Эксперименты показывают, что уже после двух-трех дней вынужденного «сидения» в человеческом организме заметны кое-какие отклонения от нормы. А у нас — «отсидка». При ограниченных движениях. Это труднее. Кстати, космонавтам при полете еще тяжелее, чем нам. Ко всем земным факторам добавляется невесомость. Она снимает последний «тренер» организма — силу тяжести. Как говорят, положение усугубляется…
Какая же защита от этой «обездвиженности»? Средство только одно — собственная активность. До длительных экспериментов мы вырабатываем необходимые навыки организма. А в полете стараемся их сохранить. С помощью комплекса упражнений. Так что я не перешагнул за «барьер отдыха». После «отсидки» — забегу вперед — вначале стоял на полусогнутых ногах. Ноги не очень слушались. Но это обычное явление. Через час-другой ходил уже тверже.
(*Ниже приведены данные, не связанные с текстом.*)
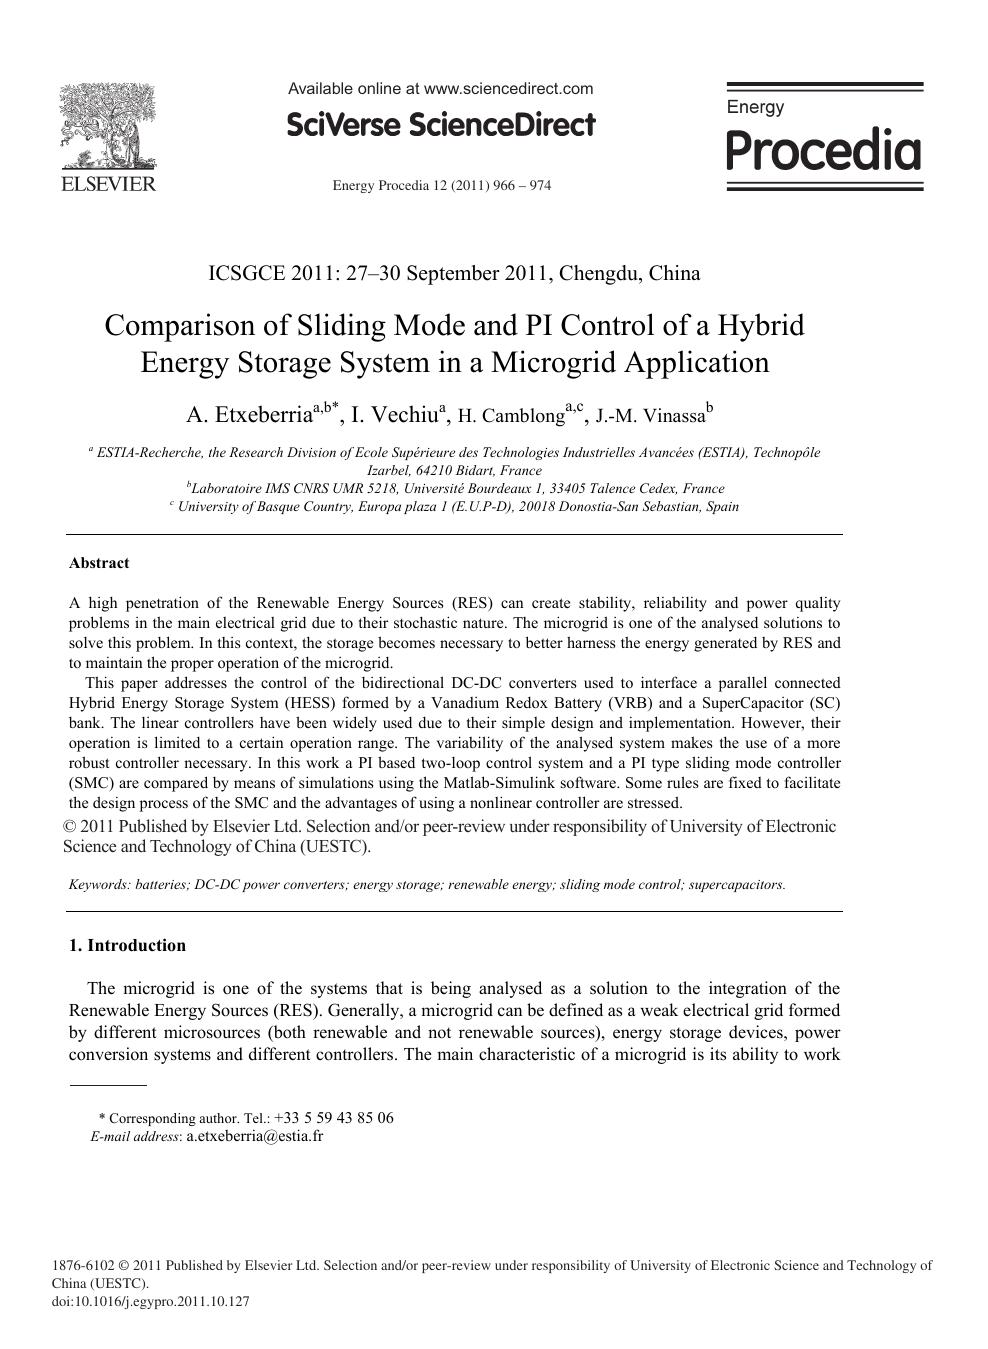 Comparison of Sliding Mode and PI Control of a Hybrid Energy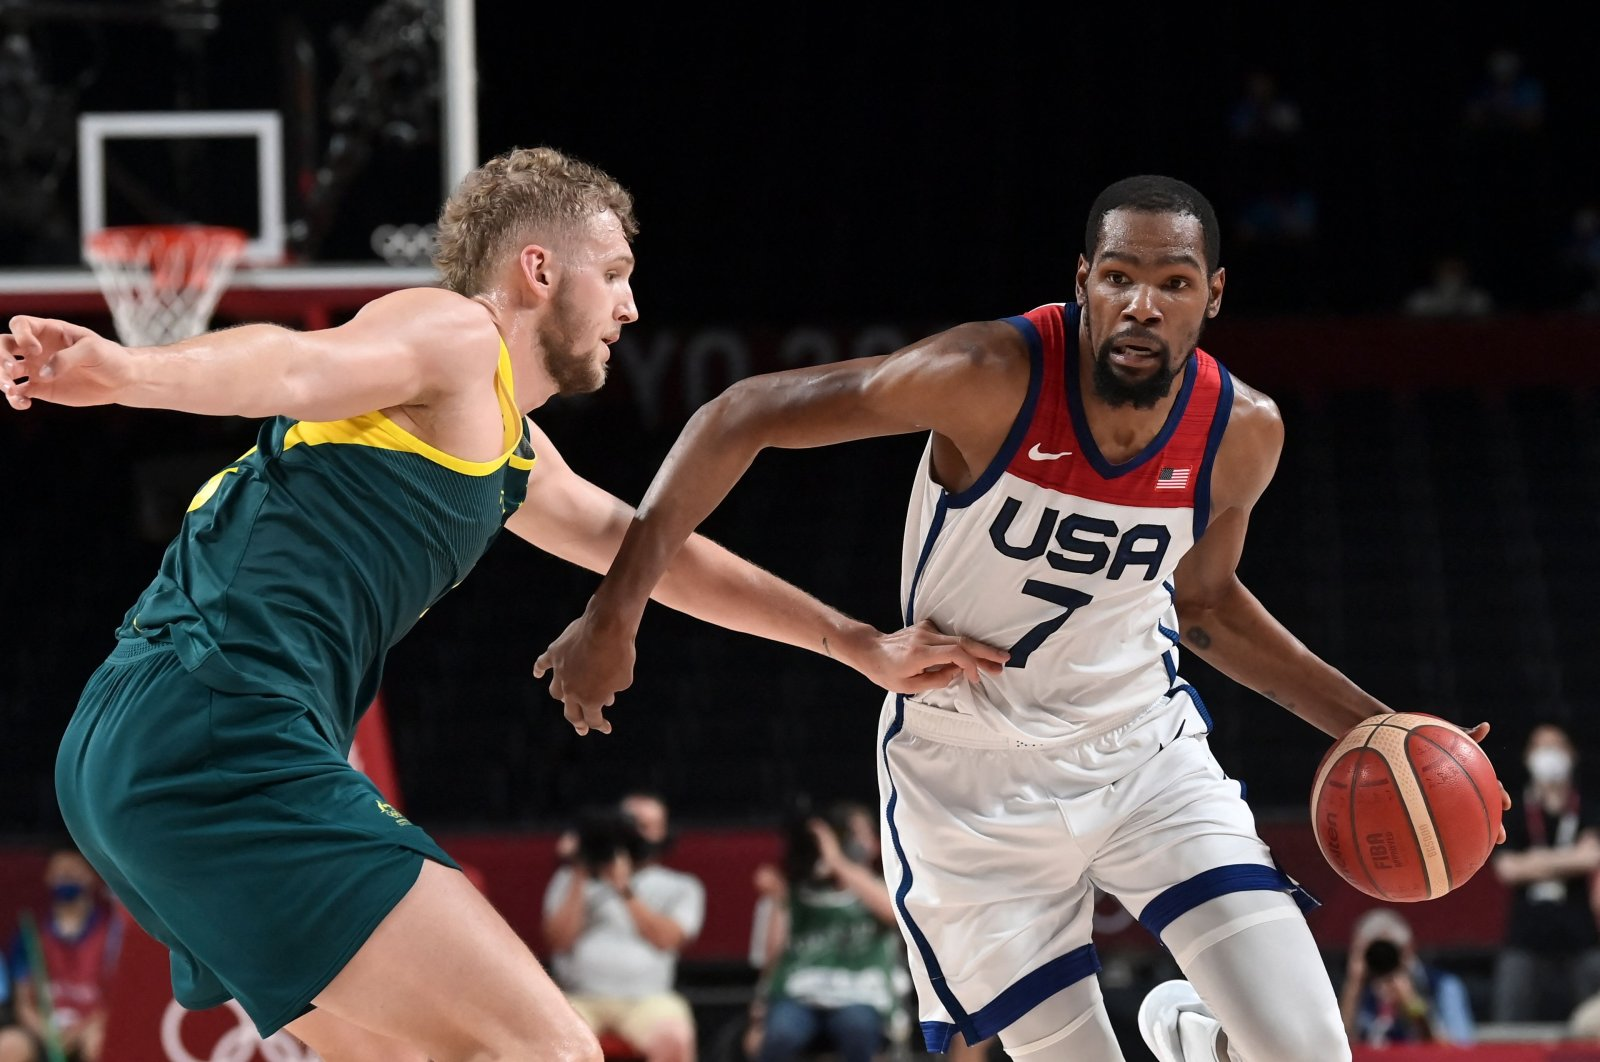 USA's Kevin Durant dribbles past Australia's Jock Landale (L) in the Tokyo 2020 Olympic Games men's semifinal at the Saitama Super Arena, Saitama, Japan, Aug. 5, 2021. (AFP Photo)

— Немного, кажется, я отклонился, — с улыбкой продолжал Богдан. — Как видите, частичная «обездвиженность» — далеко не самое главное. Когда я говорил «важнее другое», имел в виду минуты апатии, которые нет-нет да и появлялись под конец «полета». Вся активная работа осталась позади. Количество экспериментов, различных проб — в общем, все дела по программе резко сократились. Мы оказались почти безработными. Все, что можно снять, сняли, упаковали. Ждали команды к «посадке». Не хотелось даже читать.
Кстати, за дни и ночи в корабле я прочитал только три книги — «Дипломат», «Золотой теленок» и еще какую-то, без конца и начала… «Золотой теленок» перечитывал. Часто беру ее с собой в сурдокамеру или корабль. Подходящая книга. Можно хоть посмеяться. Читаю я в корабле немного, хотя и люблю художественную литературу — маловато свободного времени. Да и глаза уставали, сливались буквы. Целый день перед глазами кнопки, приборы, разные указатели. Рябит от них в глазах. Не удивительно: после этого не тянет к книге.
Вот какое положение — и от работы не бегаешь, и работой не занят. Неприятное время для испытателя. Словно после перегрузок повисаешь в невесомости. Всякие мыслишки залетают в голову, которых раньше и в помине не было. И все потому, что ничем не занят. Нет, нельзя испытателю под конец эксперимента оставаться с самим собой, без дела. Это тяжелее всего.